2. You shall be entitled to receive from the public offering price of Shares sold by you 56.25% of the front-end sales commission on such Shares, as set forth in the Prospectus, except during any period designated by us as a period during which Shares may be purchased without a sales commission. There shall be no commission payable on the purchase of Shares (i) by investors identified by the Fund for which we have agreed to waive the Fund’s front-end sales commission, as identified in Exhibit A to the distribution agreement between us and the Fund, which shall be provided to you upon request, or (ii) through the direct reinvestment of any distributions made by the Fund, which shall be at the current net asset value.
3. As a member of the Selling Group, you agree to place orders for the purchase of Shares only with the Fund (or the Administrator acting on the Fund’s behalf) or from your customers. Purchases through the Fund (or the Administrator acting on the Fund’s behalf) shall be made only for the purpose of covering purchase orders already received from your customers. Purchases from your customers shall be at either the initial offering price, as set forth in the Prospectus, or, in the case of purchases after the Fund’s initial offering period, at the repurchase price equal to the Fund’s net asset value per Share as determined on the applicable repurchase pricing date, as set forth in the Prospectus. Except as permitted by law, you agree not to purchase any Shares from your customers at a price lower than the net asset value of such Shares as determined on the applicable repurchase pricing date (the “Repurchase Price”).
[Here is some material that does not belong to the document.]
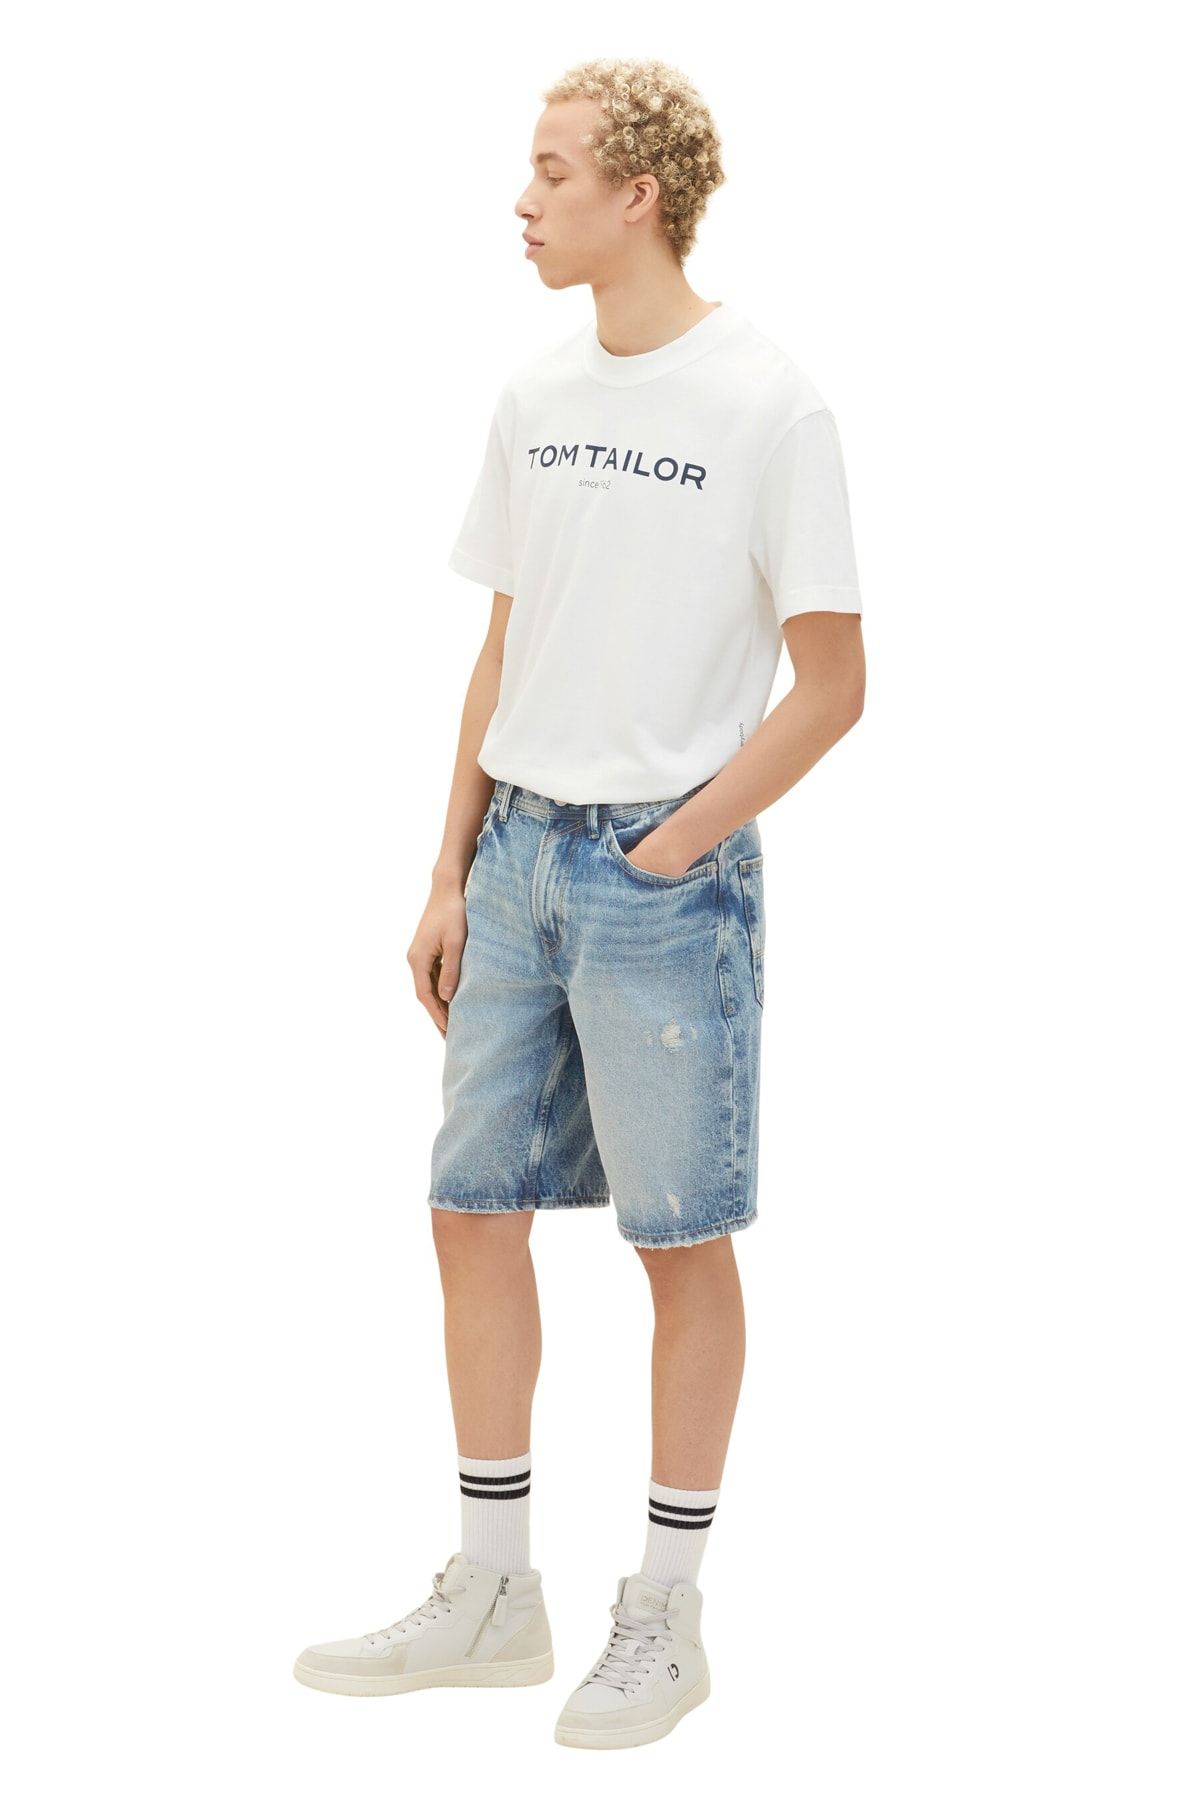 Tom Tailor Denim Shorts - Gray - Normal Waist - Trendyol

You shall, however, be permitted to sell Shares for the account of the record owner to the Fund at the Repurchase Price for such Shares.
4. You agree that, to the extent applicable, you will comply with FINRA Rules 5130 and 5131 in connection with the activities undertaken by you under this Agreement.
5. You agree that you will not facilitate or knowingly allow trading in Shares contrary to any written policy or disclosure of the Fund or applicable law by any direct or indirect shareholder, and that you will maintain appropriate controls and procedures to prevent such practices.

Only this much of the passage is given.